A Cultural History of Mathematics in the Nineteenth Century (2025) summarised Mehrtens' approach to modernism: "At the close of the nineteenth century ... the recasting of mathematics into an autonomous self-defining discourse had become pervasive, and this led to an epistemic breach that separated those who resisted from those who welcomed it. Herbert Mehrtens retrospectively made this the very cornerstone of his interpretation of mathematical modernism. "The new language of mathematics does not need to be ascertained by an external reality, because it ascertains itself through its own constant work". ... Whereas the "moderns", championed by David Hilbert, proclaimed logical consistency was the bedrock of mathematical truth, the "counter-moderns", including Felix Klein, Henri Poincaré and L. E. J. Brouwer, sought to anchor mathematical knowledge in intuition and the pre-linguistic activity of the mind."

Reviewers described the book as "provocative", "daring ... a book that has been received with a mixture of enthusiasm and criticism", "remarkable and demanding" ... "[an] immensely rich work" ... "a major contribution to the history of modern science", "somewhat unstructured, even inchoate, [and] also highly ambitious and original ... This is history of mathematics that matters for historians and humanists, and indeed for anyone interested in the (post)modern intellectual scene.", "a very ambitious historical reconstruction", "a history of a long running debate within the mathematical community over the foundations of its science: should mathematics be "modern" or "counter-modern," should it be constructed from a finite number of assumptions and axioms, or be "intuitive?" and "a bold attempt to understand the debates over the foundations of mathematics in the early twentieth century in terms of a power struggle over the rules of mathematical discourse within the (mostly German) mathematical community."

Specific criticisms of the book included:

- The assignment of Klein into the counter-modern grouping, and Mehrtens' discussion of Klein's eugenic pronouncements and Klein's analysis of the rhetoric of Deutsche Mathematik in the 1930s.
- The assignment of Poincaré into the counter-modern grouping has been challenged by Jeremy Gray and Ivor Grattan-Guinness.
- The supposed opposition between the modernist and counter-modernist positions, with a marked partiality by Mehrtens towards the modernist side, when in practice this incompatibility almost never occurred.
- Doubts whether Mehrtens' bipolar modernist/counter-modernist theory is sufficient to explain the complexities in the development of early 20th-century mathematics.
- The limitation to the history of German-speaking mathematics, and the meta-mathematical focus.

Later commentators acknowledged the legacy of Mehrtens' work on mathematical modernity.

- In 1996 Moritz Epple said: "Herbert Mehrtens opened the debate with his 1990 book Moderne—Sprache—Mathematik.
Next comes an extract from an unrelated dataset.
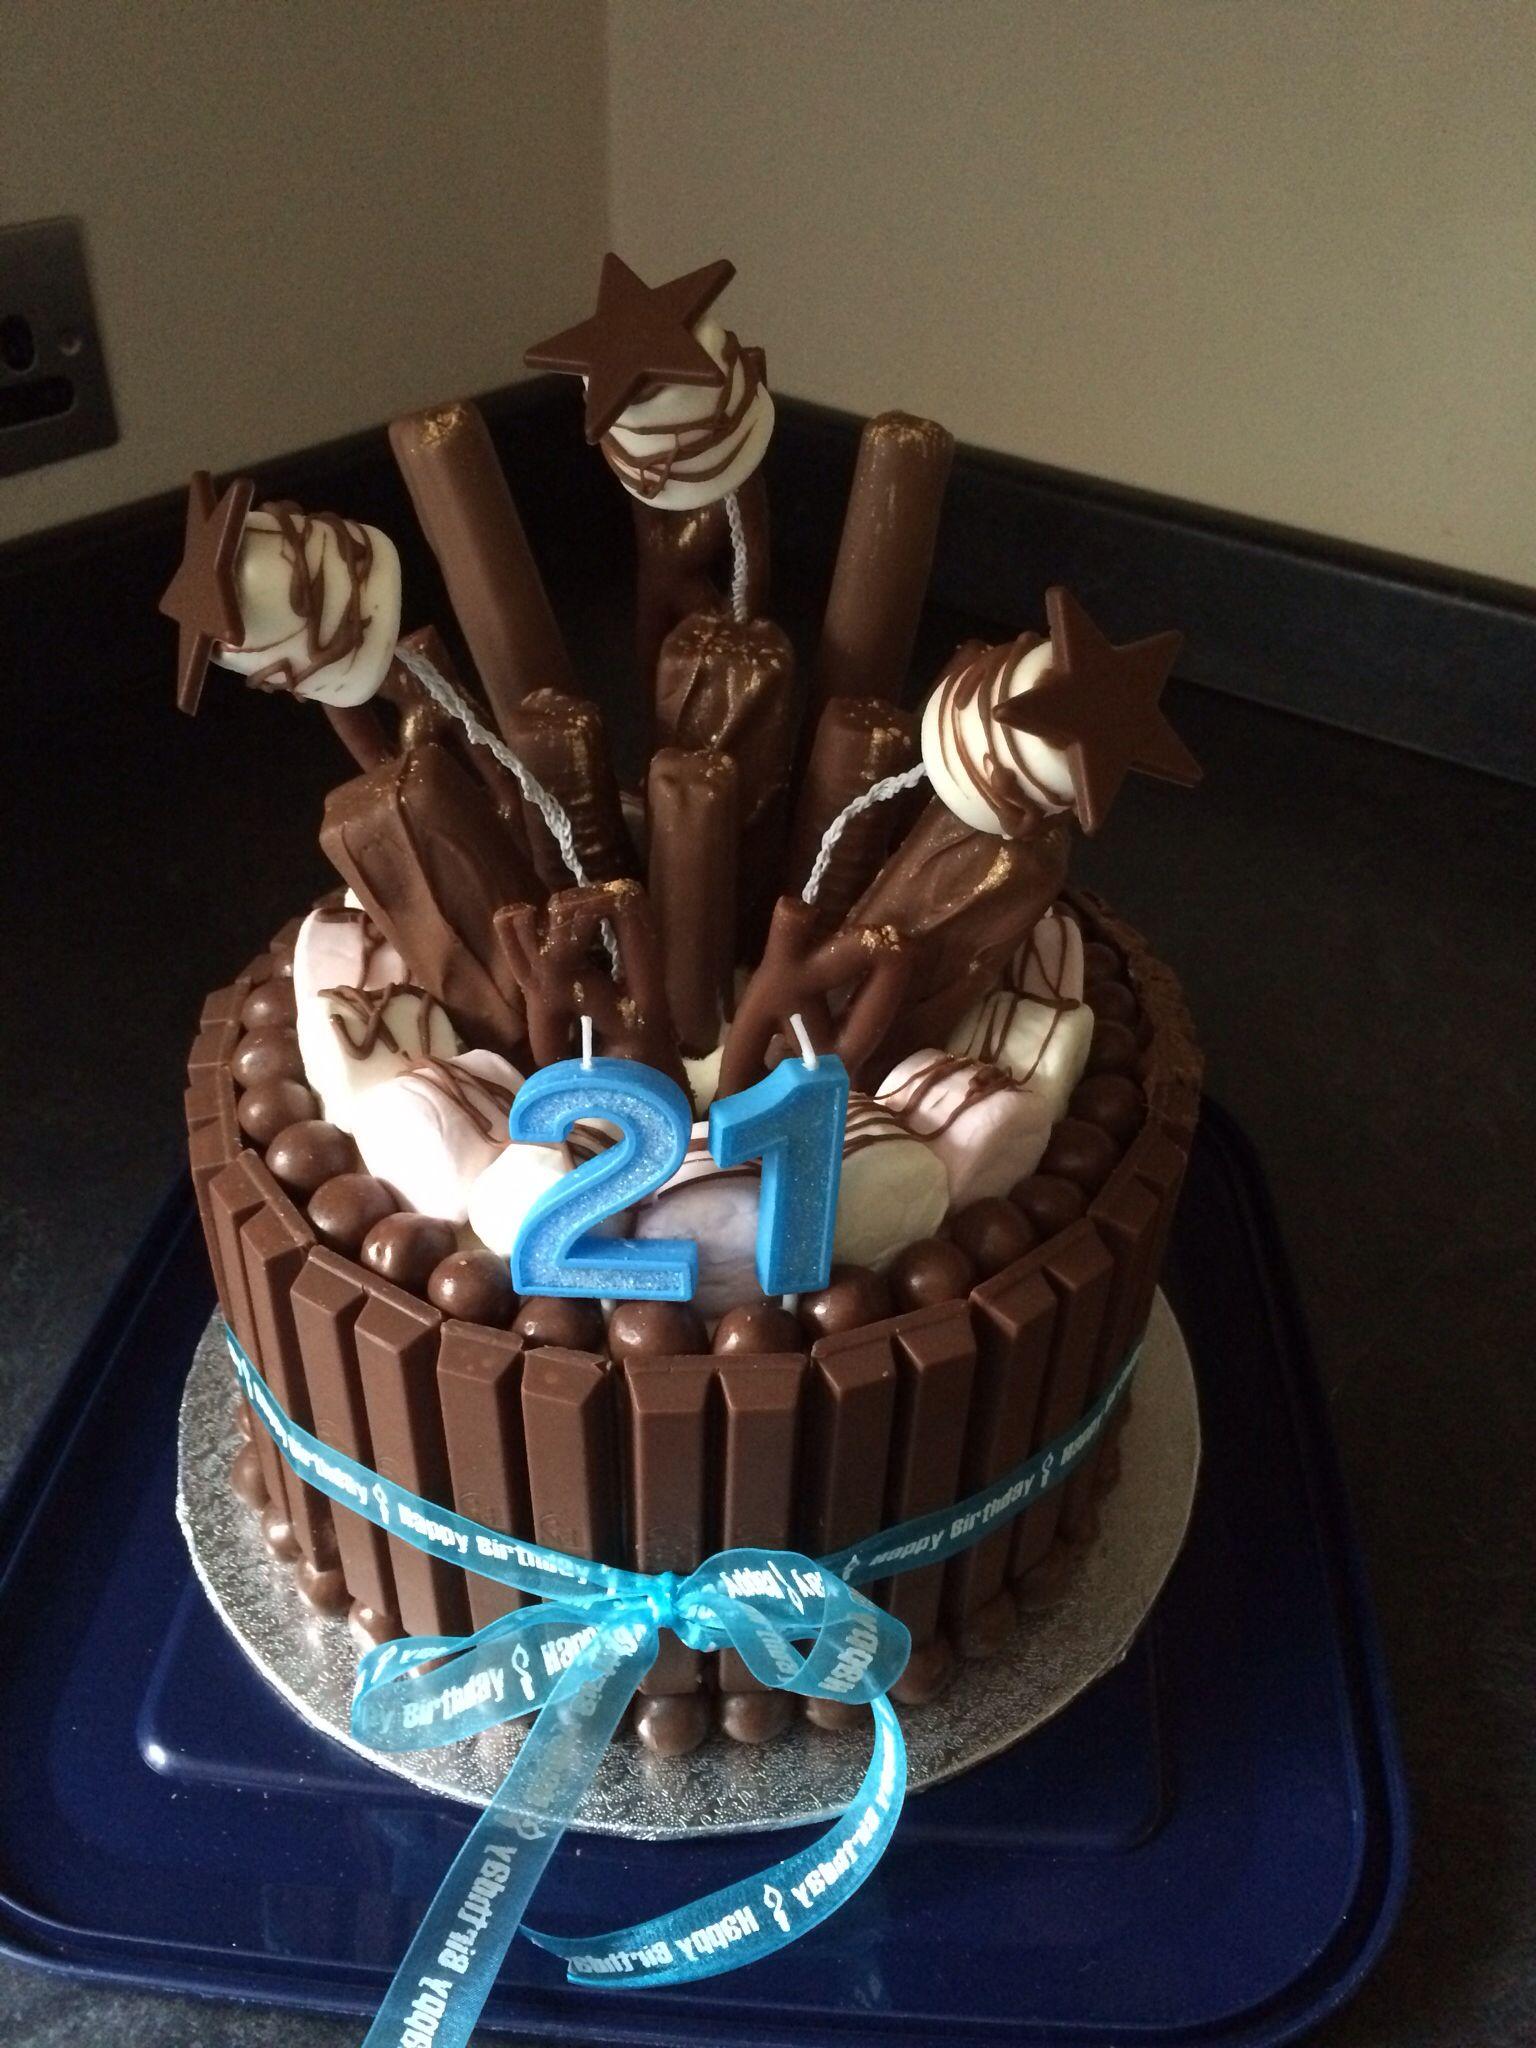 Tom S 21st Birthday Chocolate Explosion Cake

Future contributions to the topic of modernity in mathematics and its possible end will have to be measured by this work, which confidently links a broad spectrum of mathematical historical research with themes from cultural-theoretical discourse from Foucault to Lacan." and, in summary, "Moderne—Sprache—Mathematik deserves a competent discussion that does justice to the extremely rich spectrum of questions addressed. To have transcended the narrow framework, which is oriented towards little more than the self-image of contemporary mathematics and in which far too large a part of the history of mathematics still operates, is not the book's least merit."
- In 1996 Roland Calinger commented: "Many readers will undoubtedly find Mehrtens's forays into psycho-sexual analyses of mathematical ideas far-fetched or his enthusiasm for semiotics problematic. Nevertheless, his book contains a wealth of new ideas that have not only generated considerable excitement (including agitation) among historians of mathematics but which also suggest promising avenues for future investigations."
- In 1996/97 David E. Rowe commented "By placing the mathematical issues that divided antagonists like Hilbert and L.E.J. Brouwer within a larger cultural and disciplinary context, Mehrtens offers a provocative new interpretation of the deeper issues at stake that galvanized the rival parties in the conflict." and "one of the most provocative and original contributions to the history of mathematics ... in recent decades."
- In 2008 Jeremy Gray published the book Plato's Ghost: the modernist transformation of mathematics in which he gave credit to Mehrtens for the first serious and detailed work in the field of mathematical modernity, and discussed at length the similarities and differences between his approach and Mehrtens'. Compared with Mehrtens, Gray's book has international coverage, expands the mathematical fields covered to geometry, algebra, and analysis (in addition to logic and foundations), examines the relationship of modernity with philosophy, and analyses mathematical language in the context of linguistics. Gray argued that modernism in the arts, rather than in politics, is the relevant context for understanding mathematical modernism. A 2013 essay review of Plato's Ghost by David E. Rowe contained much material comparing and contrasting it with Moderne—Sprache—Mathematik.
- In 2011 Amir Alexander commented: "The insularity of the field has been a source of much soul-searching among scholars in the history of mathematics ... In recent years some historians of mathematics have worked to remedy the situation by emulating developments in the history of science and making use of social and cultural approaches. Herbert Mehrtens's Moderne—Sprache—Mathematik traced the role of mathematics in the modernist movement"
- In 2022 David E. Rowe commented: "The recently published collection of essays in The Richness of the History and Philosophy of Mathematics (Chemla et al. 2023) reveal how the larger issues raised in M-S-M have continued to spawn further reflection up to the present day." Leo Corry's essay took a critical stance: "Mehrtens left many fundamental questions unanswered, and his argumentation was somewhat misleading. For one thing, the critical debate among "moderns" and "countermoderns" would appear to be, in Mehrtens' account, one that referred only to the external or meta-mathematical aspects, while being alien to questions of actual research programs, newly emerging mathematical results, techniques, or disciplines. In addition, the classification of mathematicians into these two camps, and the criteria of belonging to either of them, seems too coarse to stand the test of close historical scrutiny, and in the final account was too strongly circumscribed to the Göttingen mathematical culture. In this sense, Mehrtens' book, for all its virtues, falls short of giving a satisfactory account of "modern mathematics" as a "modernist" undertaking.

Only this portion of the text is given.